Ce fut un terrible moment pour les troupes du colonel Combes, qui, au nombre de trois cents environ, se tenaient sur la brèche, et en dehors de l'activité de ce gaz enflammé, lorsqu'elles virent reparaître cette colonne noircie, ces hommes brûlés, ces spectres de feu. Une commotion spontanée, électrique, irrésistible, frappa tous les cœurs du même coup. Le cri : « En avant ! » s'élança de toutes les bouches. Le colonel Lamoricière, le visage brûlé, les yeux éteints, ne pouvait se soutenir debout ; on le croyait blessé mortellement. Le colonel Combes prit le commandement, ordonna aux tambours de battre, aux clairons de sonner, et s'élança à son tour dans l'effroyable voie où gisaient les débris de la première colonne, à moitié brûlés.
La bravoure du colonel Combes était proverbiale dans l'armée. Il aborda donc franchement l'ennemi, qu'il rencontra au sortir de la porte, à l'entrée de la rue Marchande. Les indigènes s'étaient embusqués presque en face de la porte, derrière un amas de débris et de cadavres formant une espèce de barricade. Il fallait les chasser de là.
Le colonel Combes ordonna à une compagnie de son régiment d'enlever cette barricade, et promit la croix au premier qui la franchirait.
Aussitôt la compagnie se précipite, un lieutenant la devance, la gravit, et va s'élancer de l'autre côté, lorsque tout à coup il retombe en arrière sous une décharge terrible. On le croit mort, mais il se relève ; le pied lui a manqué, sa chute lui a sauvé la vie. Ceux qui venaient derrière lui sont foudroyés.
Au même instant et coup sur coup, le colonel reçoit deux balles dans la poitrine. Mais il reste debout, s'appuie au mur, s'assure que son mouvement s'exécute et que la barricade est emportée.
Alors il se détache de la muraille, reprend le chemin par lequel il est venu, traverse la route et reparaît sur la brèche déserte en ce moment.
Le général en chef, le duc de Nemours et les généraux qui les entouraient, le virent descendre lentement, s'approcher d'un pas raide et mesuré, du pas d'un cadavre. Ils l'attendirent, ne comprenant rien à ce mouvement qui n'avait plus rien de vivant.
Lorsque le colonel Combes fut en face d'eux, ils comprirent. Son visage était couvert d'une pâleur mortelle, et deux sillons de sang ruisselaient de sa poitrine.

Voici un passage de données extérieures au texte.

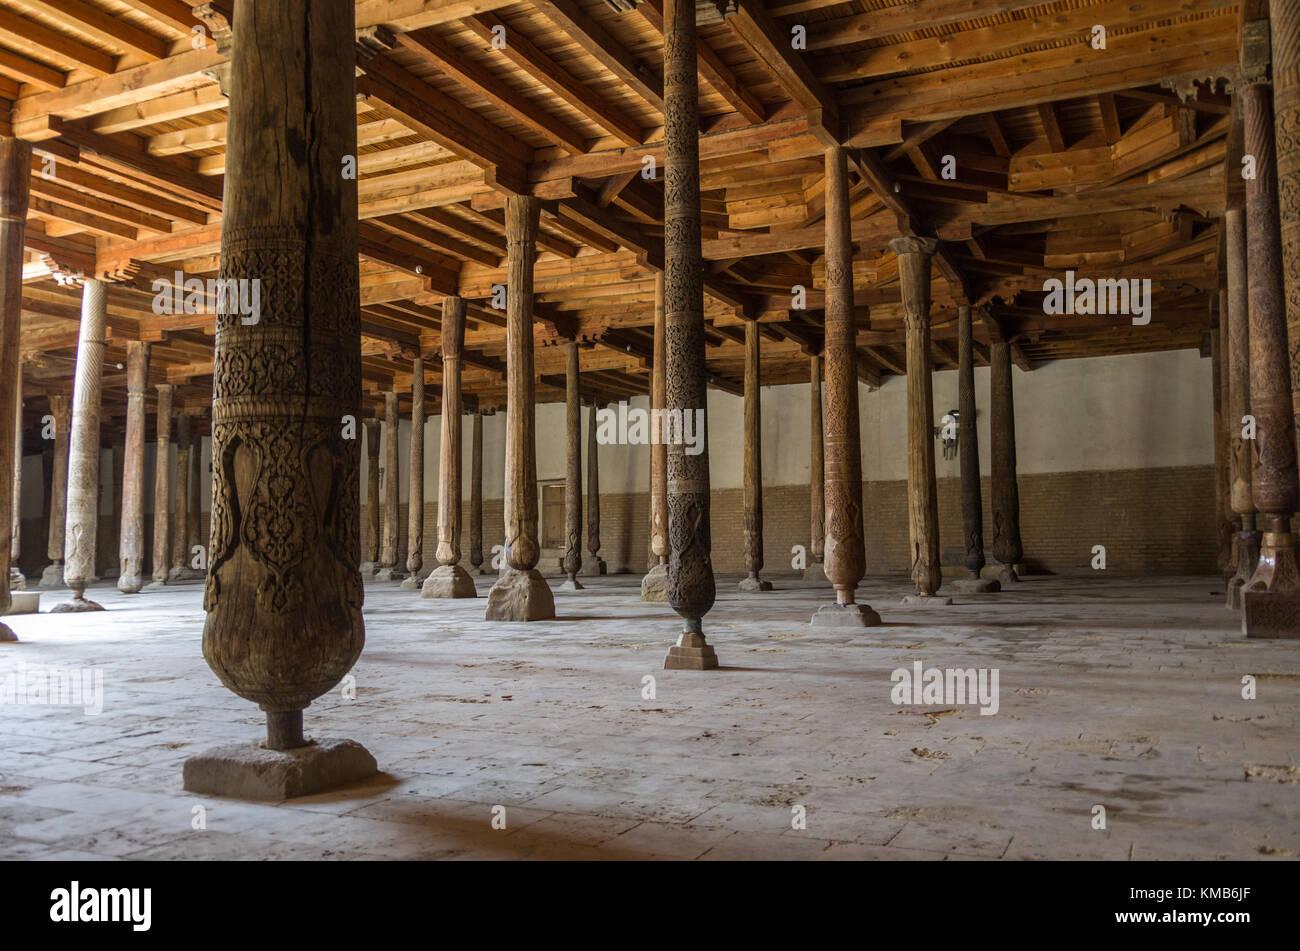 Khiva, Uzbekistan, April 30, 2015:  Interior of the Juma Mosque. - Stock Image

« Monseigneur, dit-il au duc de Nemours d'une voix calme et ferme, je suis blessé mortellement, mais je meurs heureux, car j'ai vu une belle journée pour la France. La ville est à nous. Hélas ! plus heureux encore que moi sont ceux qui survivent, car ils parleront de la victoire ! »
Puis il fit quelques pas et s'affaissa sur lui-même. La force ne l'avait soutenu que juste le temps nécessaire à donner ce spectacle d'une mort digne en fierté sereine des plus belles morts de l'Antiquité.